GIVEN INFORMATION:
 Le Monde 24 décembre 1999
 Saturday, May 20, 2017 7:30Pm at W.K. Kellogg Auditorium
* * *
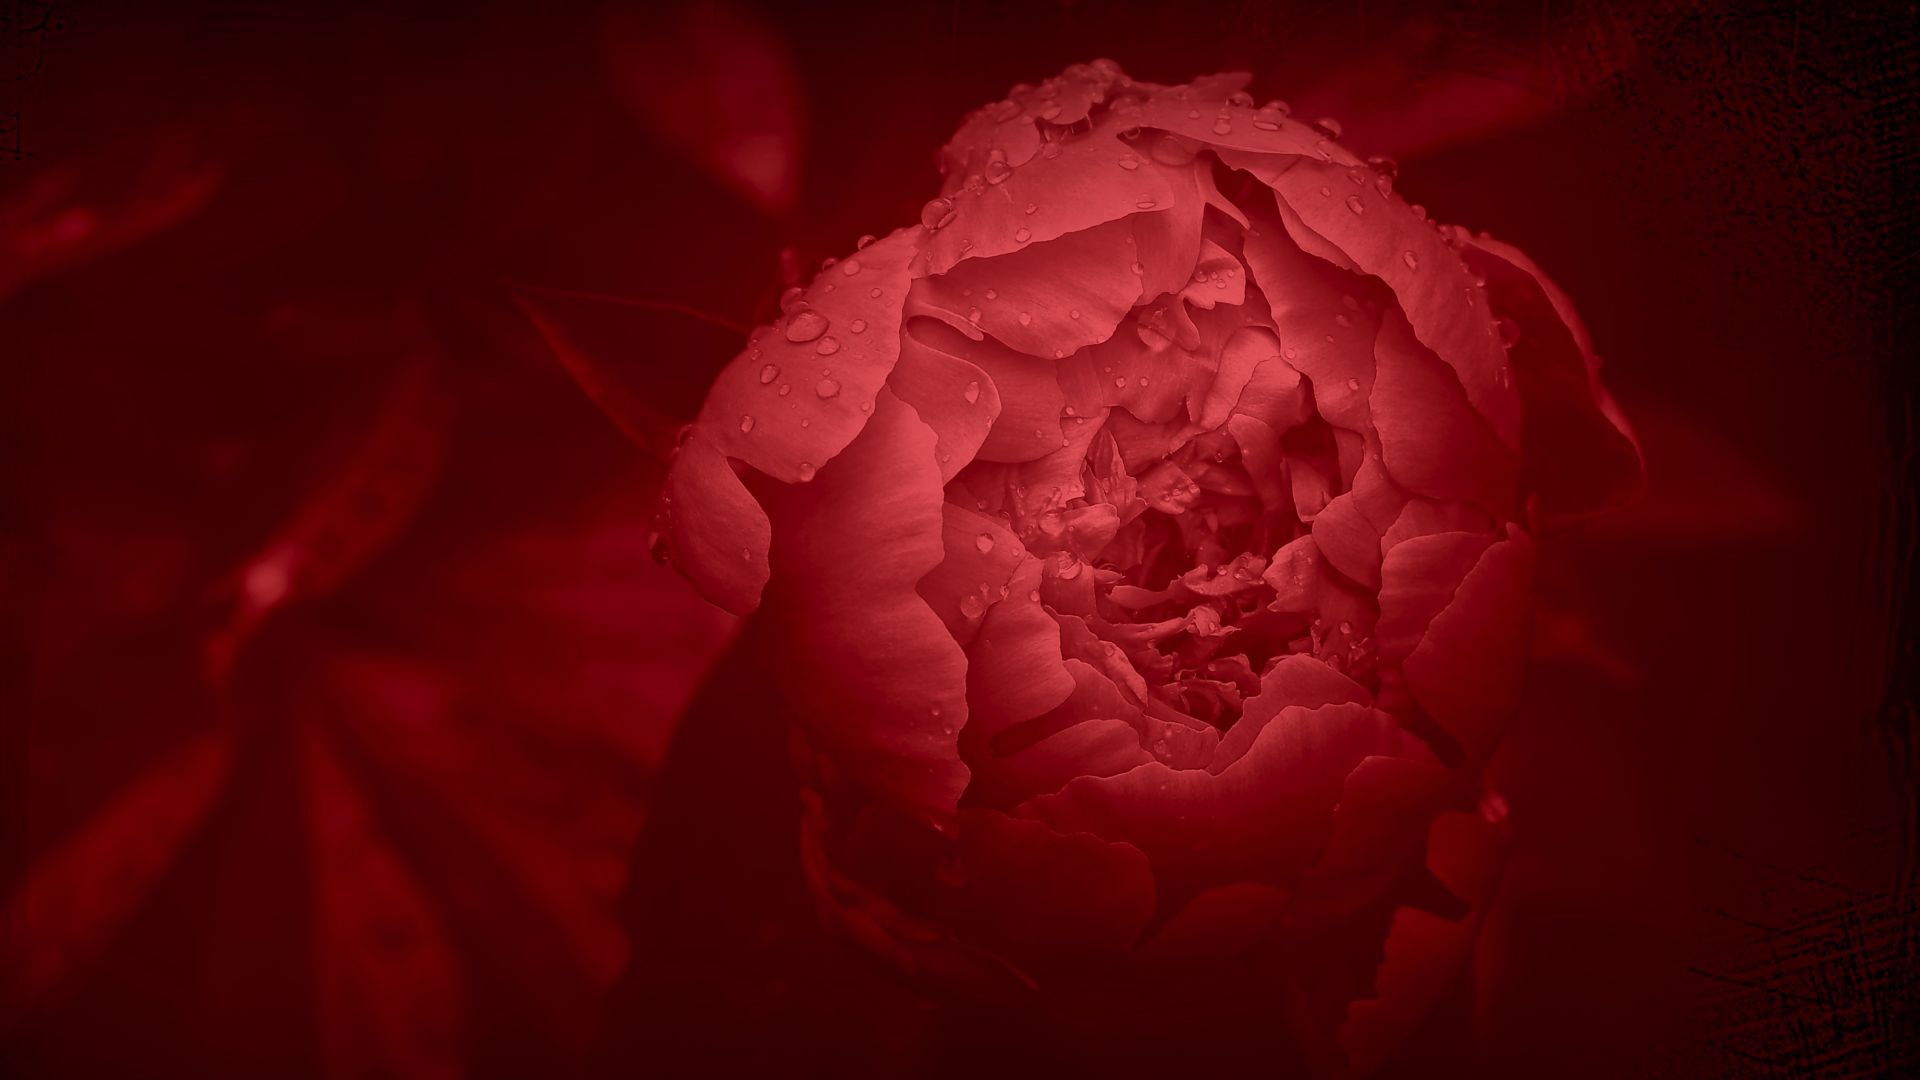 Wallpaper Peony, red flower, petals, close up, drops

ACTION ITEM: Look back at the entries above and repeat, unchanged, every line from the line holding "Le Monde 24 décembre 1999" through the line holding "Saturday, May 20, 2017".

SOLVED EXERCISE:
 Le Monde 24 décembre 1999
 Saturday, May 20, 2017 7:30Pm at W.K. Kellogg Auditorium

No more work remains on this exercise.